The good news is that you can keep it relatively simple. My kids didn't do more than 1-2 hours of structured school for several years. I'd suggest looking at something like Heart of Dakota or Five in a Row. Read aloud - a lot. Do the one on one things during naptime.

Make a plan of priorities and then build a flexible routine so that you know what needs to get done and have a plan of when to do it. For example, phonics/reading practice is important. But, that needs to be done one one without interruption so during naptime would be best.


----------



## maps1350 (Jun 29, 2009)

WE had our four in five years. Currently 3-8. We teach them all together. We teach at grade level with the oldest, and the rest trickles down. Their individual seat work (vocab, math sheets, etc) are grade appropriate. However, I teach them all together with very little trouble. 

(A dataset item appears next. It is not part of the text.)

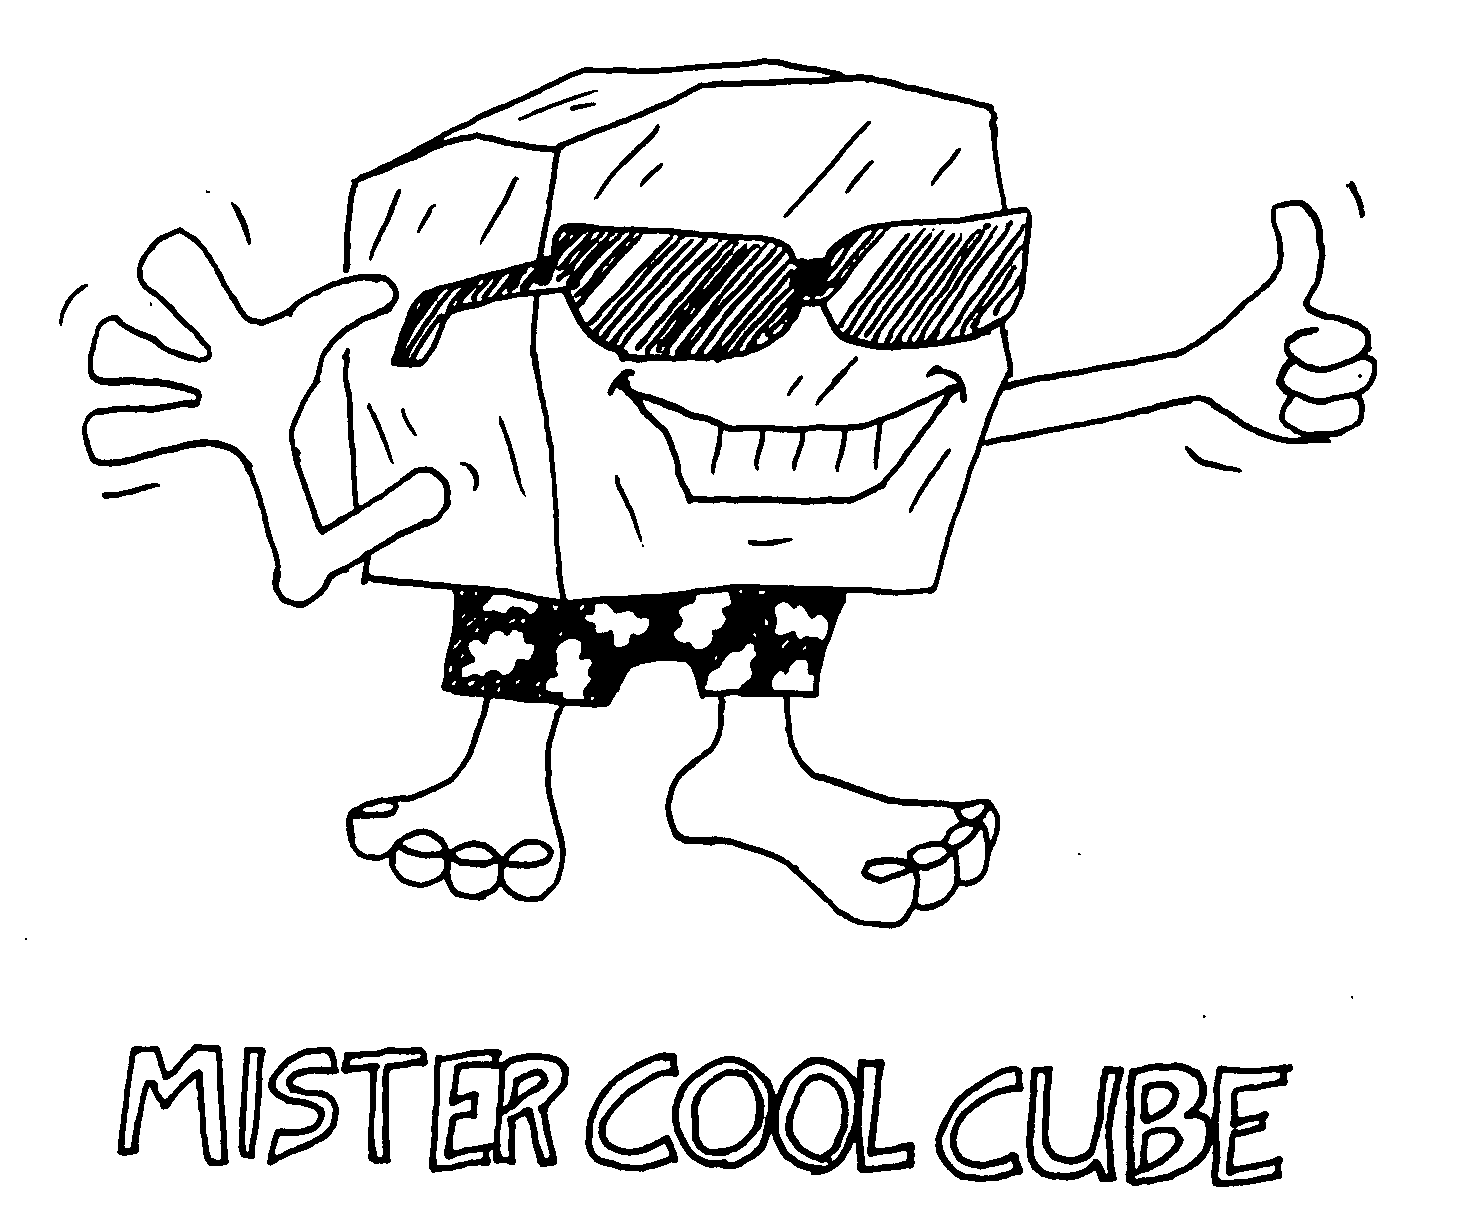  MISTER COOL CUBE

We use a unit study system that is literature heavy and chronologically based in history. So......what this means is we study two different major time periods a year. During a time period, we read books that are more like text books, ones that are like the DK eyewitness books, historical fiction pieces. Our vocab comes from phonics when the children are under grade 3, and then in grade three turns into more unit-relavent words. (meaning, one child might have the word "split" during a medieval time period because we're learning about consonant clusters including "spl".....but another child who's older will have words that come from our "text".). Our science and arts come directly from our text as well.....inventions, explorations, scientists over the ages...we learn as they learned in history. Our arts come from our history as well.....such as architecture...did you know that we have the Romans to thank for aqueducts, indoor plumbing, and a central A/C that works by running water through pipes in the floor and walls (that my MIL actually has in her home!)? Very interesting. So that's how we do everything except a few things:

Math...we have a unit study method for this as well. We study an aspect of math (such as fractions) all together and the younger children have different seat work and expectations than the older children. 

PE.....we practive Tae Kwon Do daily and the children are invovled in other sports and activities. On top of which, we work out, play outside a good portion of the day, and will do active type things as a family such as playing tennis, swimming, biking, etc. This is all we do for PE, however, it's MUCH more than even the BEST public school! We're an active family and I"m OK with not much of a PE plan! lol

Piano is taught by my mother. Swimming is taught by me.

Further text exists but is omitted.